# Ye Olde Art Pub



## Lukecash12 (Sep 21, 2009)

Well how do you do ladies and gents? It seems the more I read the more I find composers who really, really appreciated a stiff drink if you catch my drift, Sibelius, Beethoven, Schubert, the list goes on. So who would you hope to see first at the karaoke bar? What would that be like?

I can see it in my head already, everyone's yelling for Beethoven to get off the stage and Sibelius is waltzing around like some kind of lady killer Sinatra.


----------



## SONNET CLV (May 31, 2014)

Lukecash12 said:


> Well how do you do ladies and gents? It seems the more I read the more I find composers who really, really appreciated a stiff drink if you catch my drift, Sibelius, Beethoven, Schubert, the list goes on. *So who would you hope to see first at the karaoke bar?* What would that be like?


First in line? My nomination would be Modest Mussorgsky ... to sing his Songs and Dances of Death.






Of course, he might show up too drunk to participate. But his next vodka is on me!


----------



## Blake (Nov 6, 2013)

Probably Feldman. I'd love to see him smack people around for being too loud and fast.


----------



## brianvds (May 1, 2013)

As long as the composers don't start singing! Few of them were any good at it.

Actually makes me wonder: how well could composers like Schubert and Haydn, who started their careers as choir boys and had some training, sing as adults?


----------



## Lukecash12 (Sep 21, 2009)

brianvds said:


> As long as the composers don't start singing! Few of them were any good at it.
> 
> Actually makes me wonder: how well could composers like Schubert and Haydn, who started their careers as choir boys and had some training, sing as adults?


I'm not sure about those two, but I have heard that Mozart was a choir boy and he could sing pretty well as an adult.


----------



## Badinerie (May 3, 2008)

I would be too wary of meeting my fave composers in the pub. There's an old country song called "why do your heroes turn out to be a**holes" I'd hate to be disappointed...


----------



## hpowders (Dec 23, 2013)

I'd like to get Schönberg plastered. Maybe then he could write a tonal masterpiece.


----------



## Mahlerian (Nov 27, 2012)

hpowders said:


> I'd like to get Schönberg plastered. Maybe then he could write a tonal masterpiece.

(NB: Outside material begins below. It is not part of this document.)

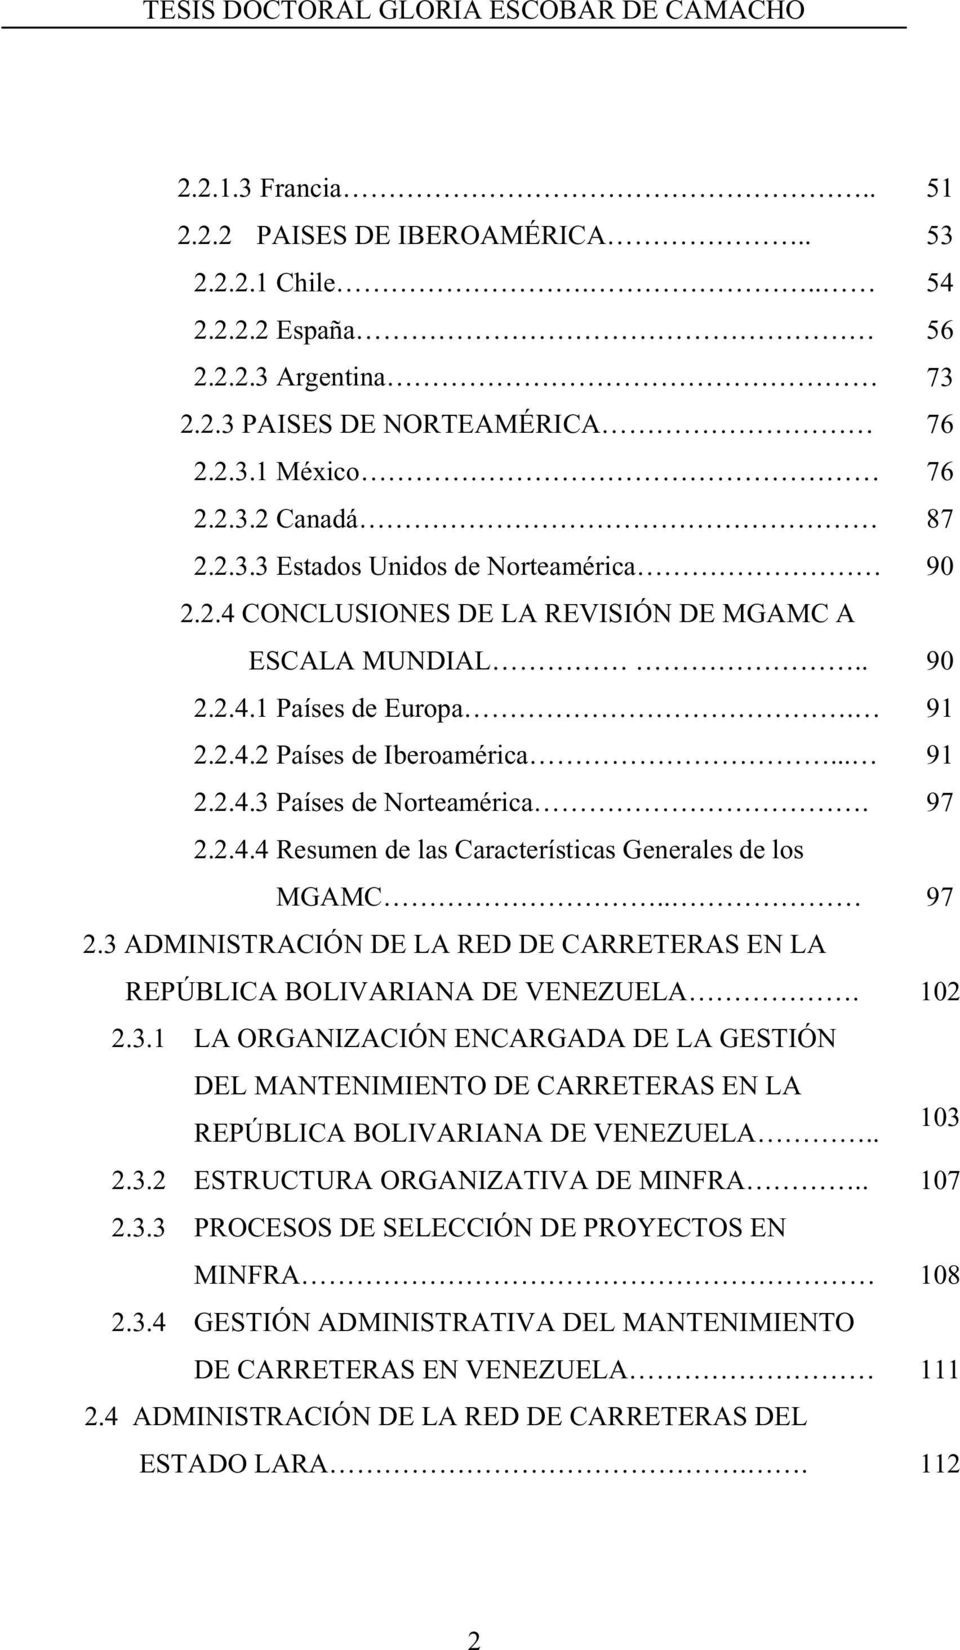 . 2.3 ADMINISTRACIÓN DE LA RED DE CARRETERAS EN LA REPÚBLICA BOLIVARIANA DE VENEZUELA. 2.3.1 LA ORGANIZACIÓN ENCARGADA DE LA GESTIÓN DEL MANTENIMIENTO DE CARRETERAS EN LA REPÚBLICA BOLIVARIANA DE VENEZUELA.

He wrote the Chamber Symphony, Gurrelieder, Pelleas und Mellisande, String Quartet No. 1, and Verklarte Nacht. How many more do you want?


----------



## hpowders (Dec 23, 2013)

Mahlerian said:


> He wrote the Chamber Symphony, Gurrelieder, Pelleas und Mellisande, String Quartet No. 1, and Verklarte Nacht. How many more do you want?


Sorry. They bore me. But I do love the atonal Piano Concerto. Thrilled that I found it....not that it was ever missing.


----------



## Lukecash12 (Sep 21, 2009)

hpowders said:


> Sorry. They bore me. But I do love the atonal Piano Concerto. Thrilled that I found it....not that it was ever missing.


In the words of an American patriot: "I'm too drunk to taste this chicken." This is the pub fellas, I doubt even Schoenberg can pronounce that Verklarte thingamajig at this point.


----------



## OperaGeek (Aug 15, 2014)

I don't know about his drinking habits, but what about Samuel Barber? He was actually a very competent singer:


----------



## Mahlerian (Nov 27, 2012)

hpowders said:


> Sorry. They bore me. But I do love the atonal Piano Concerto. Thrilled that I found it....not that it was ever missing.


Okay, that's your personal taste, but they are still masterpieces.


----------



## Cosmos (Jun 28, 2013)

Not singing, but I'd love to see what wacky stunts a drunk Liszt would try to pull on a piano


----------



## hpowders (Dec 23, 2013)

Lukecash12 said:


> In the words of an American patriot: "I'm too drunk to taste this chicken." This is the pub fellas, I doubt even Schoenberg can pronounce that Verklarte thingamajig at this point.


If he was drunk, I wonder if he would spell his name Schönberg or Schoenberg?


----------



## Guest (Aug 22, 2014)

I go out drinking with composers all the time.

If the composers are alive, it's easy!


----------



## joen_cph (Jan 17, 2010)

Satie, demanding not available absinth in a still louder voice, getting his bourbon, and then heading for the corner piano and improvise.


----------



## HaydnBearstheClock (Jul 6, 2013)

Cosmos said:


> Not singing, but I'd love to see what wacky stunts a drunk Liszt would try to pull on a piano


the drunken master! Imagine the drunk version of the Mephisto Waltz.

I'd love to see Haydn drunk, busting out some earthy, folky tunes and combining them with extensive counterpoint and masterful musical structures.


----------



## PetrB (Feb 28, 2012)

The one in my neighborhood was Ye Olde Artists' Pub ~ where no patron, ever, was allowed to run a tab.

Too many, "I'll pay my tab with the original manuscript of my _Liripoop Quadrilles_ for octet of Bassoons and one Tuba, which will fetch mighty good money some day."


----------



## Lukecash12 (Sep 21, 2009)

hpowders said:


> If he was drunk, I wonder if he would spell his name Schönberg or Schoenberg?


I'm sure if you asked him too he would say he was too drunk to spell anything German.


----------



## Badinerie (May 3, 2008)

'Course the obvious answer would be... Brahms and Liszt.


----------